I switched to a cheaper Vizio, which didn't even do 4:4:4, but the backlight is even, and it's great. I do get some color fringing with text at its smallest resolution, but I rarely encounter that - minimized the problem by doing some repeated trial and error with Windows ClearText configuration (does that still exist in Windows 10? It does for Win7), and also you can increase system DPI of text to 125%. You may end up slightly zooming on browser usage to 125% or 150% too, and with all that added up, text looks super beautiful smooth. So I rarely see that tiny text color fringing.

IMO, most important is the uniformity of the backlight. It's very annoying to see a color shift or intensity shift across a huge beautiful screen on flat colors.


----------



## Al Maurice (Jul 17, 2020)

For now I've avoided going down that rabbit hole, I've found 4K is not standardised.

In fact different manufacturers have different definitions of what warrants the 4K resolution.

So it all depends on how you plan on using it. If you are working with video or photography or graphic design, then for certain areas 4K is probably a must now. However for multimedia work such as composition I'm not sure if it's important yet. If you find the legibility of text or graphical notation with UI of some DAWs difficult to make out at HD standards, just consider what will happen at 4K.

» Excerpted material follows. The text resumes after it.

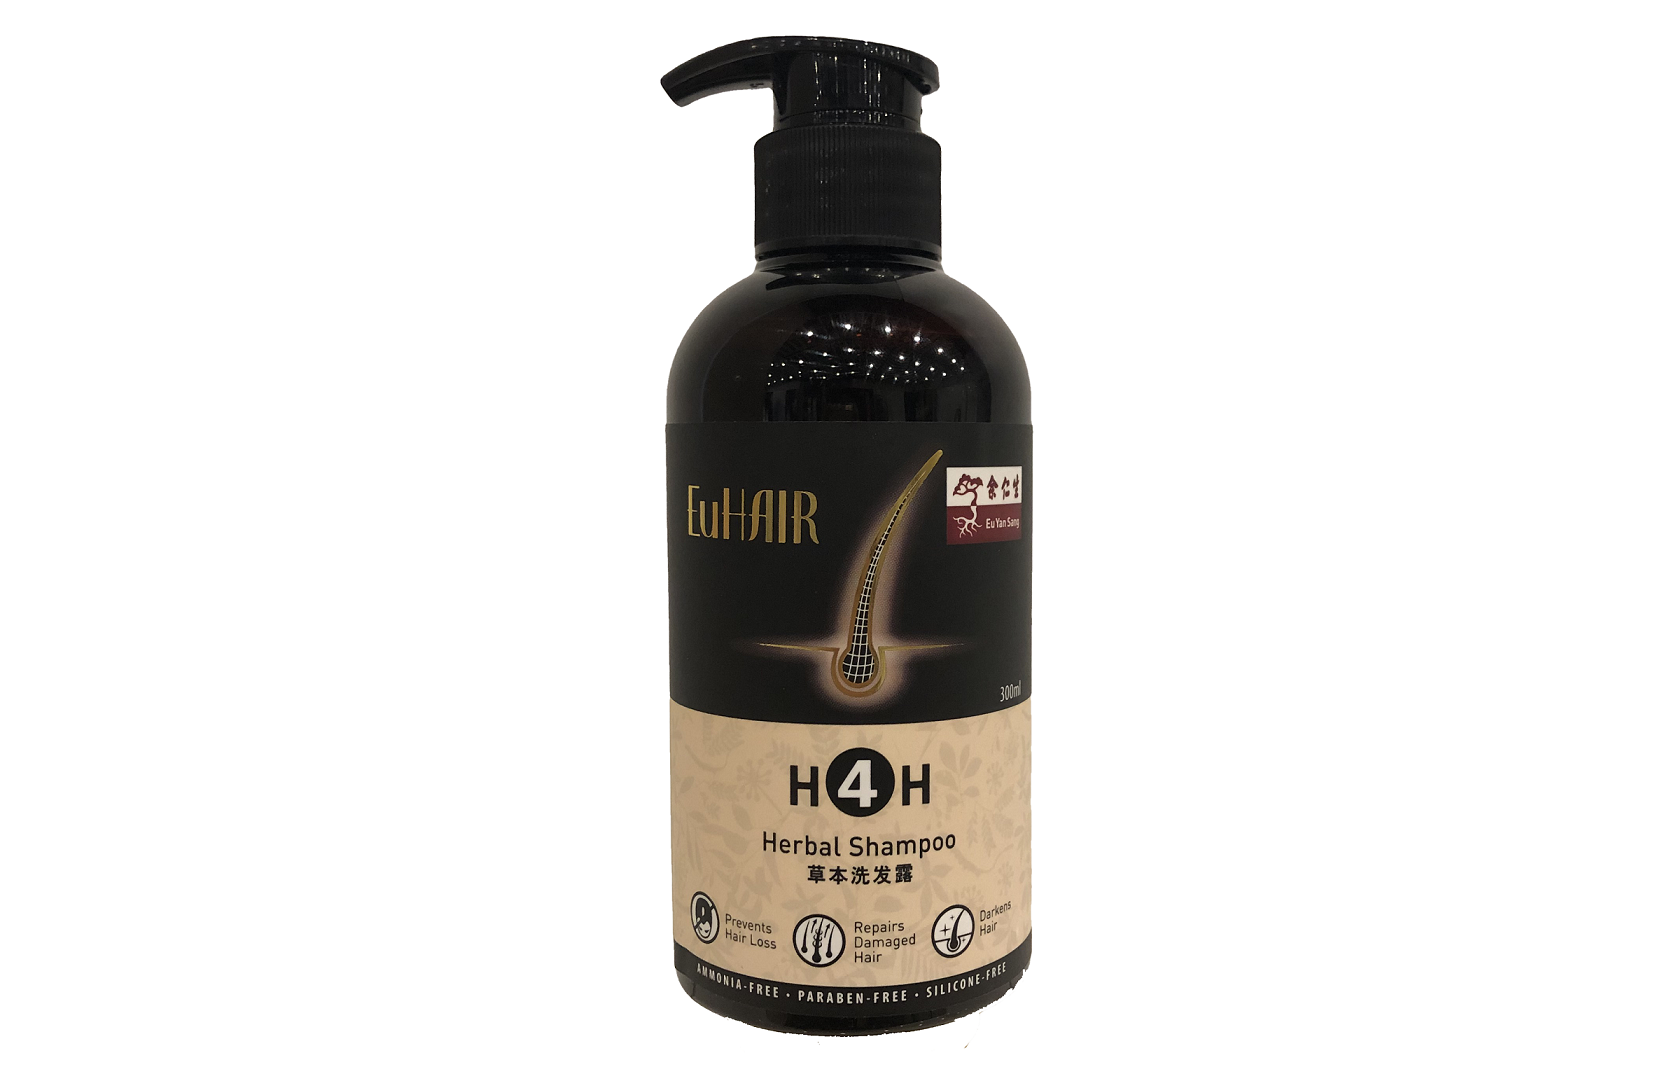 H4H Herbal Shampoo

Screen refresh was more of a concern on the old CRT displays, anything less than 100Hz for many became tiresome on the eyes. Now 60Hz is fine unless you play games with very racy, fast moving elements.


----------



## jcrosby (Jul 17, 2020)

Bear Market said:


> Dude! I am such an idiot. I could not for the life of me understand why I experienced such lag when the TV was supposed to have super low input lag. The devious folks at Samsung had hidden the game mode option deep down in the nested options menu. But now I found it and enabling it certainly did the trick!
> 
> Thanks @jcrosby! If you ever find yourself in Gothenburg, Sweden, hit me up and beers will be on me!


Yeah they really make it a pain in the arse to find so you bet! That sounds like an awesome invitation! Thanks a ton  I love a good beer so let's hope the inability to travel doesn't last forever.


----------



## shawnsingh (Jul 17, 2020)

Also turn off things like sharpness processing. Computer images end up actually sharper with it off because it removes the fringing artifact around high contrast edges.


----------



## gsilbers (Jul 17, 2020)

interesting stuff. thanks. prices have come down since last i checked a long while ago. sooo very tempting.


----------



## Jdiggity1 (Jul 17, 2020)

shawnsingh said:


> Also turn off things like sharpness processing. Computer images end up actually sharper with it off because it removes the fringing artifact around high contrast edges.


Just came here to say the same thing. Turning sharpness to 0 was probably the biggest improvement i could make to the default picture.


----------



## Ashermusic (Jul 17, 2020)

I use a Seiki 39” Ultra HD 4K tv as a second monitor with my iMac. I love it although at my age I cannot use it an it’s best resolution.


----------



## Pictus (Jul 17, 2020)

My main problem with TV is that most use PWM








Large Monitor - Gearspace.com


I hope this is in the correct forum. I run Pro Tools on a high powered Windows computer. I am putting together a new room and the room is large. There is ample space on the front wall of the control room to mount a large monitor. My peeps aren't what they



www.gearslutz.com


----------



## Ashermusic (Jul 17, 2020)

Pictus said:


> My main problem with TV is that most use PWM
> 
> 
> 
> ...



I have no idea whether mine does or doesn't, it's great for Logic Pro X.


----------



## Pictus (Jul 17, 2020)

Why I do not like








Why Pulse-Width Modulation (PWM) is such a headache


Explanation of PWM, when and why it is bad, and possible solutions




www.notebookcheck.net


----------



## jcrosby (Jul 17, 2020)

Jdiggity1 said:


> Turning sharpness to 0 was probably the biggest improvement i could make to the default picture.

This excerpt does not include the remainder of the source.